* [Task prompt] Among the entries that follow, some lines contain the word "Blue". Show all of them.

* [Collection entries]
——————————
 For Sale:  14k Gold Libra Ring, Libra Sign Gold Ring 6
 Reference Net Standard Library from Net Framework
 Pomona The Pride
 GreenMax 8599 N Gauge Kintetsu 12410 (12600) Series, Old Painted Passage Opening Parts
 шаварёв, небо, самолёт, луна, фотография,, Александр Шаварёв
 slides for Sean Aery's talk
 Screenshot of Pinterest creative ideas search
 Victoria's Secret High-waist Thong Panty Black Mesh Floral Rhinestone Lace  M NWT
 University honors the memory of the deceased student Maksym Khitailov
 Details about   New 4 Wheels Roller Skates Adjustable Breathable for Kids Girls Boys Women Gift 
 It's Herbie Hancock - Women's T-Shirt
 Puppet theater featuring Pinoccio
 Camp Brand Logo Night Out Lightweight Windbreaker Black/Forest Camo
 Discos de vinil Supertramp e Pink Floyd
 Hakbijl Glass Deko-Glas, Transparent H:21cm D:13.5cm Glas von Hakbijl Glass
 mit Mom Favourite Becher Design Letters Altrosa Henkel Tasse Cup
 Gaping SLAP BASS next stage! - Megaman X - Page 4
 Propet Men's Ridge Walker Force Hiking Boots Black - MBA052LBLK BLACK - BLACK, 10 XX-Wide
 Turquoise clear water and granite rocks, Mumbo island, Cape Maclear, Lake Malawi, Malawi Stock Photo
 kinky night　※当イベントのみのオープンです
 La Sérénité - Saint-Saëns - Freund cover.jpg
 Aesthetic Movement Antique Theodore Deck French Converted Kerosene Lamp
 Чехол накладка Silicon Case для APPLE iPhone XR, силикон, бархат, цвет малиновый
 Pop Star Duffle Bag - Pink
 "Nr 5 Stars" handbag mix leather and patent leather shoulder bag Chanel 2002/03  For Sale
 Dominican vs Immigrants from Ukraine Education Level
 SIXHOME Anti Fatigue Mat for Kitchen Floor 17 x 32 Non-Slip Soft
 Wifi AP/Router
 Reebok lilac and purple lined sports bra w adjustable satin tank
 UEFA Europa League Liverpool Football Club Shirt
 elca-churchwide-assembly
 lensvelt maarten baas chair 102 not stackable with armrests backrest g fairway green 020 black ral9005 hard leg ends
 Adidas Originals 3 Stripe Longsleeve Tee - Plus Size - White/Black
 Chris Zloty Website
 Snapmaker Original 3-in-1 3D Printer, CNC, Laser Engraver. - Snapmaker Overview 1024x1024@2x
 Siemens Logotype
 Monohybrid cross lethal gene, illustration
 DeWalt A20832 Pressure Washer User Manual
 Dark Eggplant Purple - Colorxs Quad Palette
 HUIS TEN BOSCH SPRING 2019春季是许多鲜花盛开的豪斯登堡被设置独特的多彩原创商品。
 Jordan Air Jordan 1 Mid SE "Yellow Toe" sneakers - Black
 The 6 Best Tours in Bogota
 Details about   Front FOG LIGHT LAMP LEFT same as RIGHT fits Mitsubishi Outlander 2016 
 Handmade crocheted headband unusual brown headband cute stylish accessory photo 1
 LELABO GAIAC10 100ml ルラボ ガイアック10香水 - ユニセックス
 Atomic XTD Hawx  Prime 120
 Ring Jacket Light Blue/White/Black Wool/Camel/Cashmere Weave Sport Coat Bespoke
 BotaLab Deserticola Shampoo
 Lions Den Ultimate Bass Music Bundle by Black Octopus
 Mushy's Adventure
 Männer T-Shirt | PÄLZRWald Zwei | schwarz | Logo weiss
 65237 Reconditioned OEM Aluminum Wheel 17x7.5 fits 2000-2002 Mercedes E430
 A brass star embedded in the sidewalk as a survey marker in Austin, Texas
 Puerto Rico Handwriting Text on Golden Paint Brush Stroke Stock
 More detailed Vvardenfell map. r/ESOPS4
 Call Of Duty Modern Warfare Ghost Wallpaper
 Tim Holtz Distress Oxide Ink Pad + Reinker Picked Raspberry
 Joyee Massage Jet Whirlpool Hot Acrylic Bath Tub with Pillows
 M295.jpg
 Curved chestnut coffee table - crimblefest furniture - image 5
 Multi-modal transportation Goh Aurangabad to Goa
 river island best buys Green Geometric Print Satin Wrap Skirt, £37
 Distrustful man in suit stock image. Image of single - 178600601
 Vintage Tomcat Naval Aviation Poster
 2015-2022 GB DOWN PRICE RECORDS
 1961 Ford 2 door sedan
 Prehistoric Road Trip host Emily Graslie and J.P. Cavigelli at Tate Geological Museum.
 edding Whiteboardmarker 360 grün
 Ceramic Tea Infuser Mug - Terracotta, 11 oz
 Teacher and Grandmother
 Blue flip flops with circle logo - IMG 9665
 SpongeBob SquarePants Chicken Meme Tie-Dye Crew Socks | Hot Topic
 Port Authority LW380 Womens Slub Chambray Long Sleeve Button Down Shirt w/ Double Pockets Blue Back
——————————
* [Result for this task]
 Ring Jacket Light Blue/White/Black Wool/Camel/Cashmere Weave Sport Coat Bespoke
 Blue flip flops with circle logo - IMG 9665
 Port Authority LW380 Womens Slub Chambray Long Sleeve Button Down Shirt w/ Double Pockets Blue Back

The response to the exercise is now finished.